The subsidies from both the Government and the Health Insurance companies has lead to an expensive system. As well, advertising and promotion confuses consumers and doctors. It’s hard for doctors to say ‘no’. It’s time for doctors and patients to talk to each other and make good decisions.

Dr Santa says that, “We need do is get out of the mindset that in all cases, more healthcare is better, more testing is better, more treatment is better. That’s not the case. Sometimes, more testing can be worse, more treatment can be worse.”
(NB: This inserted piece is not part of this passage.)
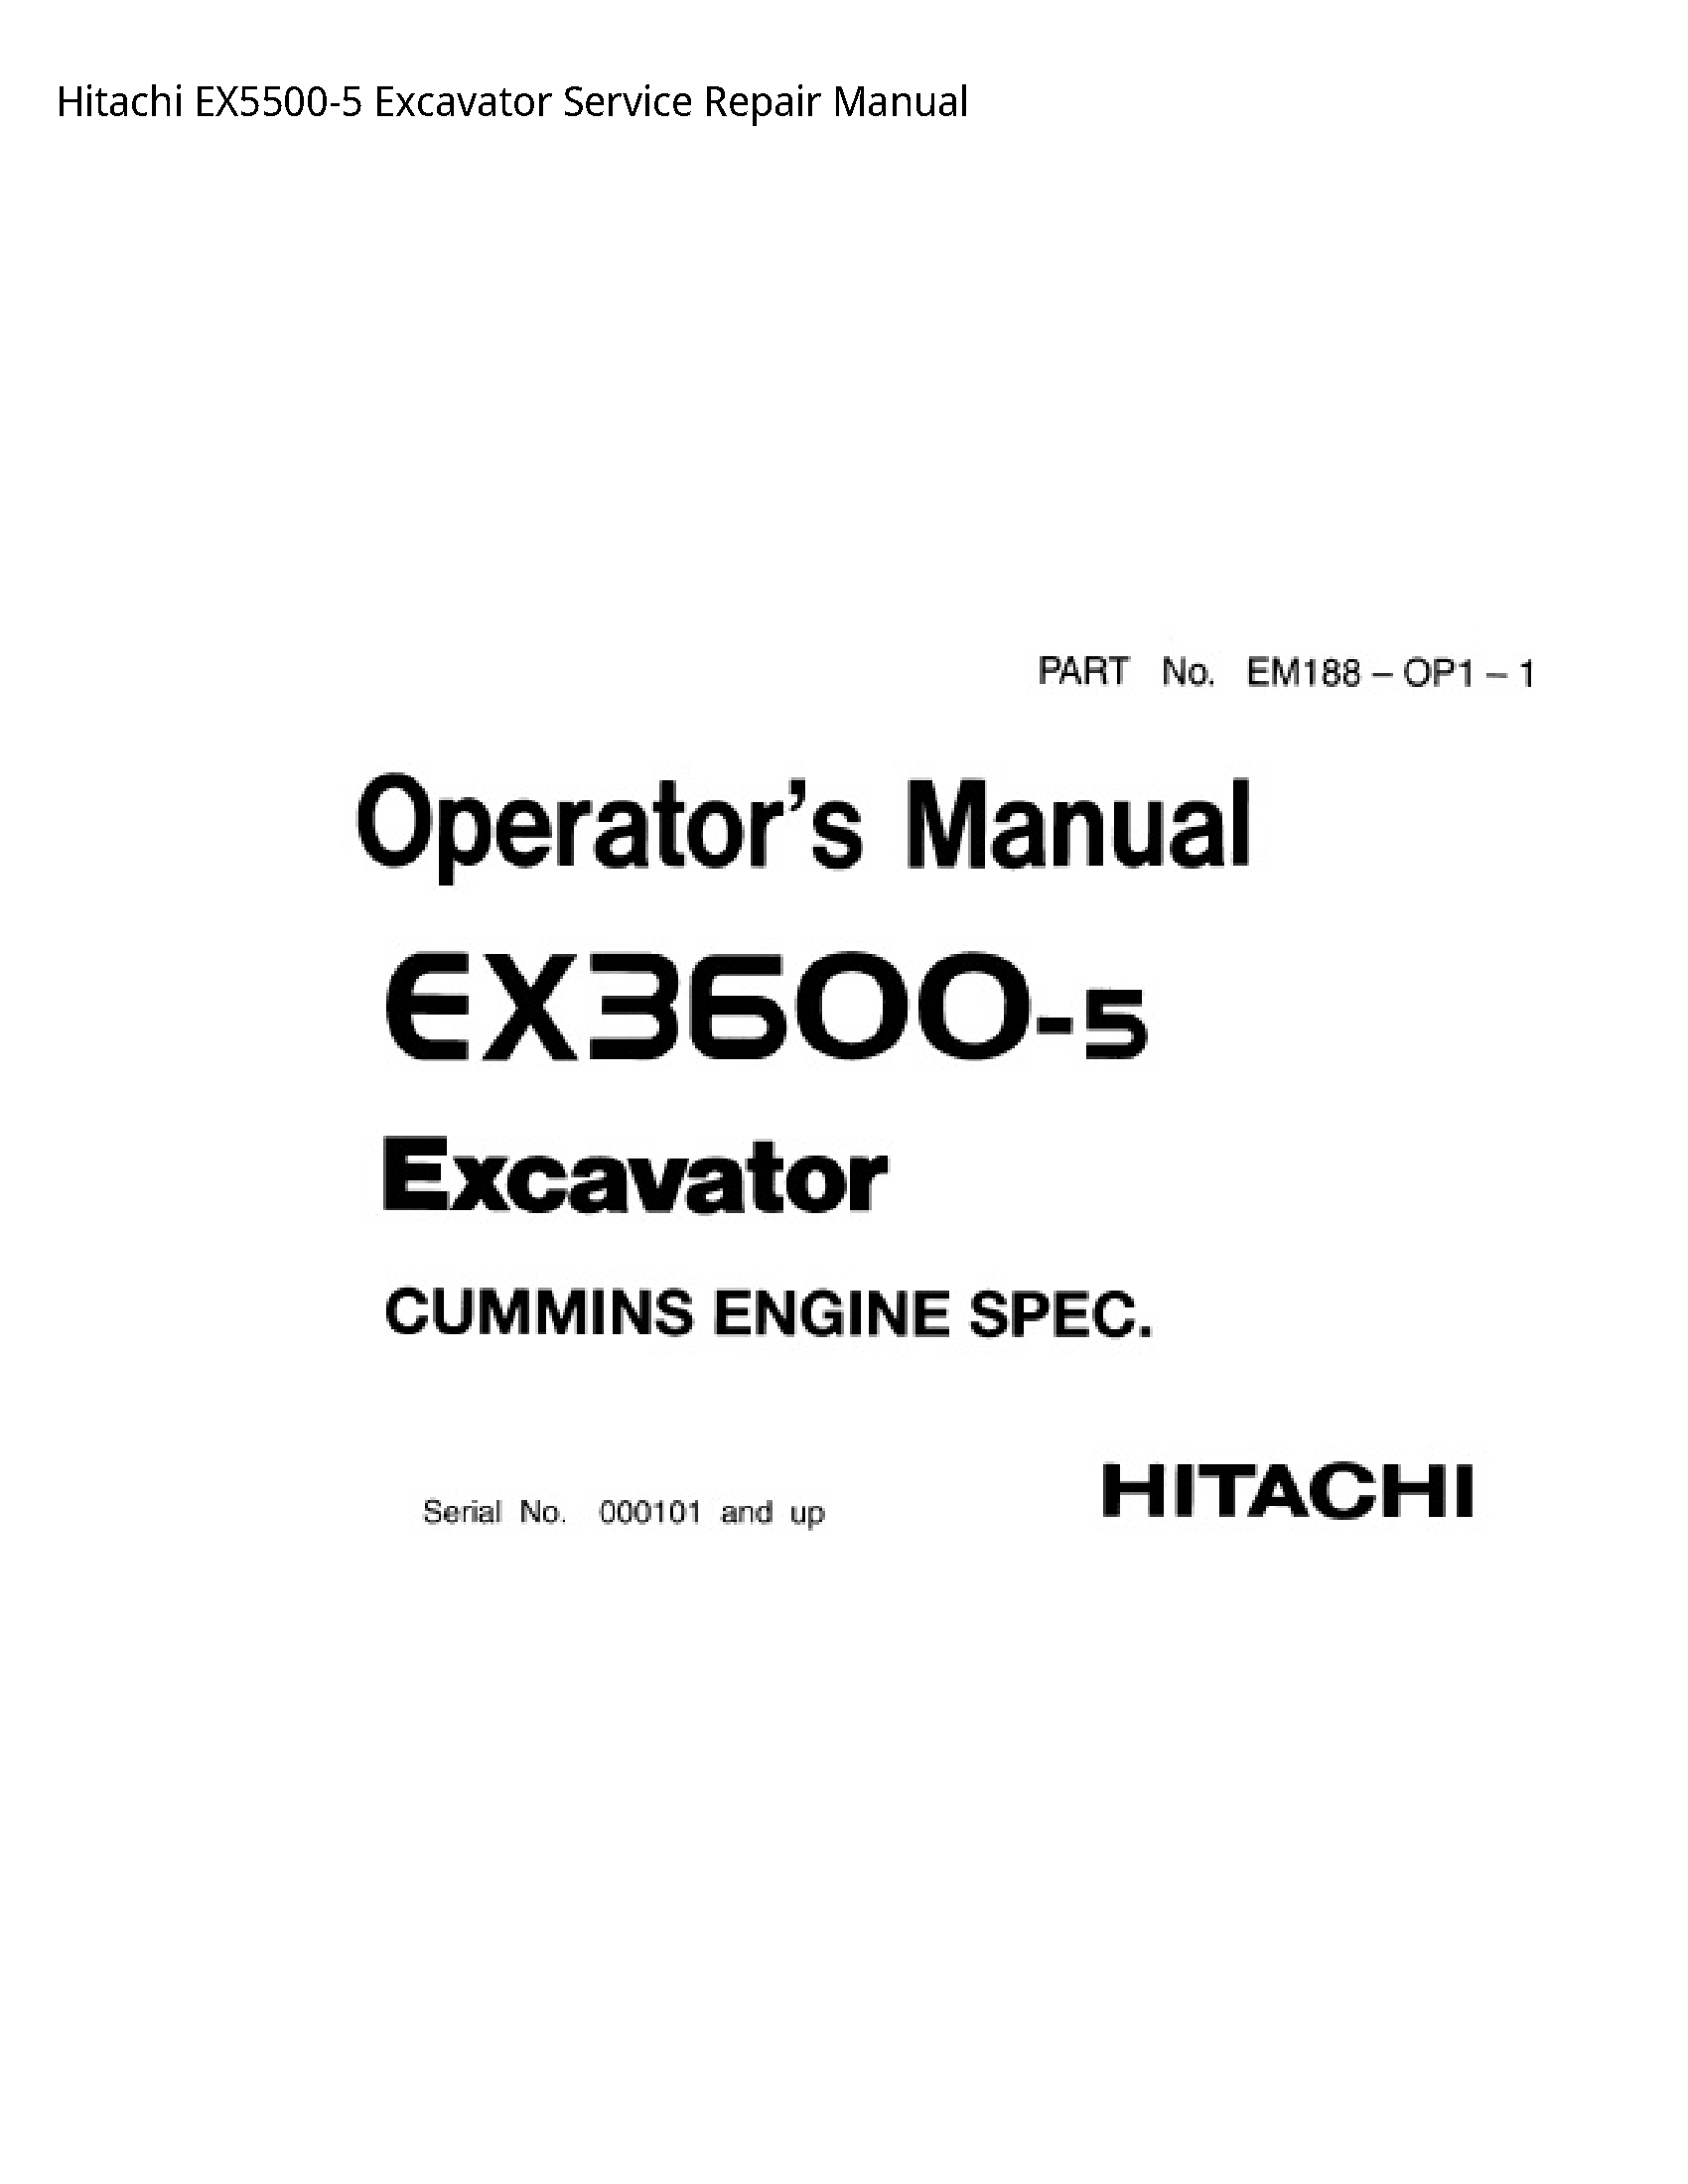 Hitachi EX5500-5 Excavator manual

Some physicians and patients will certainly push back against this report. But, remember that these recommendations are provided by a panel of physicians chosen from their specialty, who used their own experience and evidence-based medicine to compile the list, then the lists were distributed to other specialties for their review. It’s difficult to think, once you consider the process, that there can be much improvement to the lists. And, while we live in an ‘entitlement society’, we have to realize that, as Dr. Santa said, ‘more testing can be worse, more treatment can be worse.’ Become an educated consumer of your healthcare. Understand these lists, and don’t be afraid to challenge your provider when they recommend unneccesary and costly imaging, diagnostic, or screening tests.